Hi Everyone! We are trying to use Ray Train to work for distributed training. We have this use case where we need each worker to be synchronized in between the training. That is to run a function for some time, synchronize, and then run some other functions. So, is there a way to achieve it?
@pratkpranav I’m not quite clear what you mean by
- each worker to be synchronized between training
- run function for sometime, synchronize, run other functions
In what context are you using “synchronize” here? Perhaps a concrete example would help?
@Jules_Damji Sorry if it was not very clear. I was wondering whether there is a way to have functionality similar to MPI_Barrier
, which blocks all the workers until all of them have called that function and then continues running from the next lines synchronously. Something like this:
def training_loop_per_worker(config):
model = config.get('model')
model.train()
for batch, (X, y) in enumerate(dataloader):
# Compute prediction error
pred = model(X)
loss = loss_fn(pred, y)
<wait for all the workers to reach this line>
# Backpropagation
optimizer.zero_grad()
loss.backward()
optimizer.step()
Hi @pratkpranav,
The main API to interact with Ray Train from inside your custom training loop is session.report
, and this actually does serve as a synchronization barrier for workers. Training will only progress once all workers have reported.
However, session.report
is mainly used to report metrics and checkpoints at the end of each epoch. If you want to use it as a barrier, you’d have to report some dummy metrics. What’s the intended use case for this?

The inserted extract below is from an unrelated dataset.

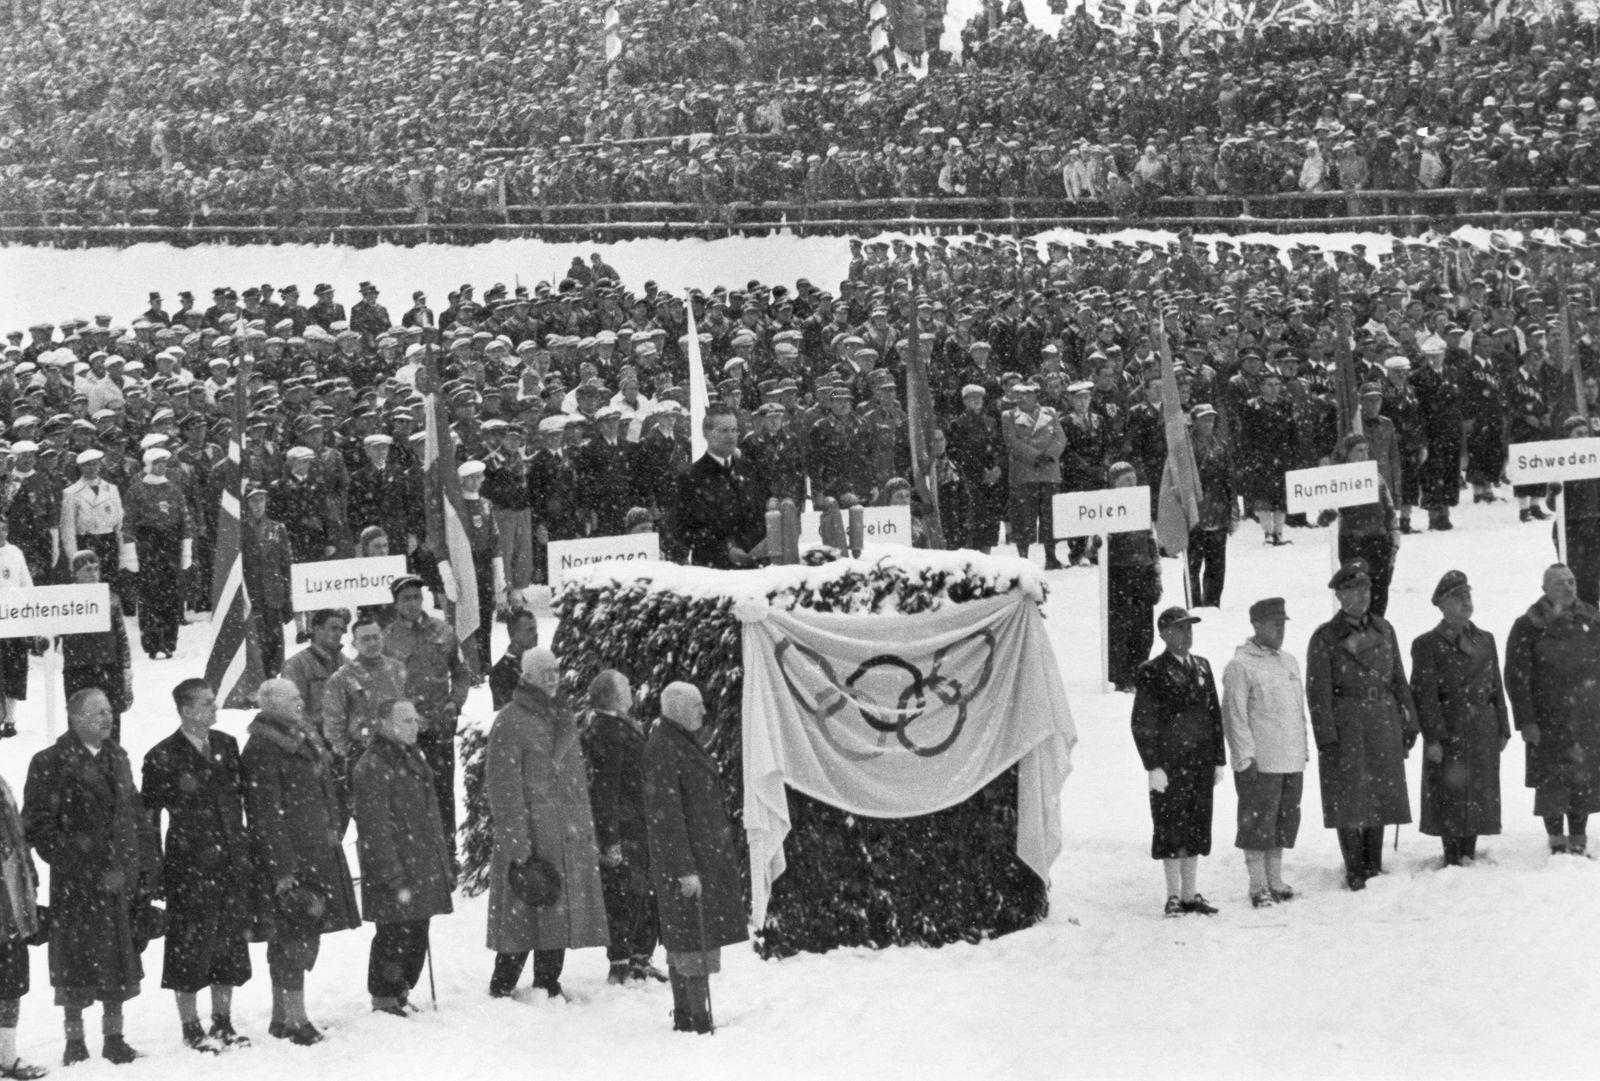 Karl Ritter von Halt, Präsident des Organisationskomitees, hält die Eröffungsansprache im Olympischen Skistadion
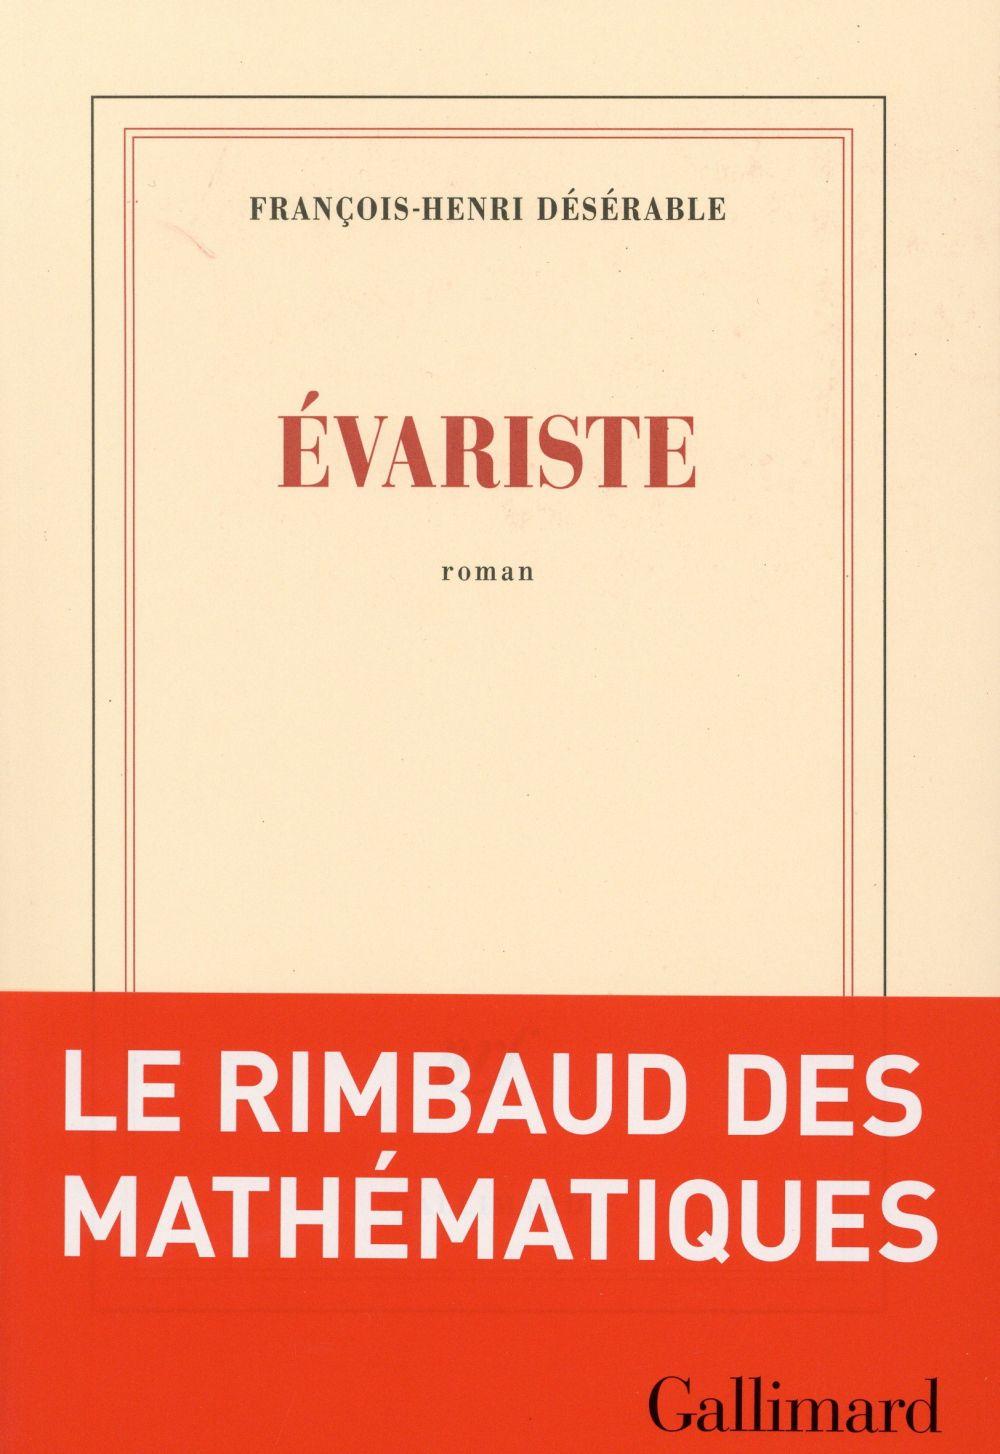 """La chronique #6 du Club des Explorateurs : """"Evariste"""" de François-Henri Désérable"""

Synchronizing gradients between workers is already handled by the Torch distributed backend – just make sure you call ray.train.torch.prepare_model
and ray.train.torch.prepare_data_loader
on your model/dataloader. See here.
Hi @justinvyu ,
Thanks for your reply. We are currently working on a machine-learning engine and creating a distributed training framework using Ray Trainer for it. Unfortunately, our backend currently lacks the capability to pause model training before gradient synchronization. Thus, I’m curious if Ray Trainer can solve this issue. Although session.report
reports metrics and checkpoints at the end of each epoch, it may not be the most suitable approach in this case. I’m wondering if there are alternative methods available to accomplish our goal.
Ray actually does provide some basic communication primitives (including barrier). Take a look here: Ray Collective Communication Lib — Ray 2.4.0
This blog post may also be of use: Introducing Collective Communication Primitive APIs in Ray | Anyscale
I believe this is not under active development at the moment, but let me know if this suits your needs and if you run into any difficulties.
You can also consider using the communication backend of torch.distributed
: Distributed communication package - torch.distributed — PyTorch 2.0 documentation
Thanks @justinvyu for the responses.
Thanks @justinvyu, @Jules_Damji! This is really helpful.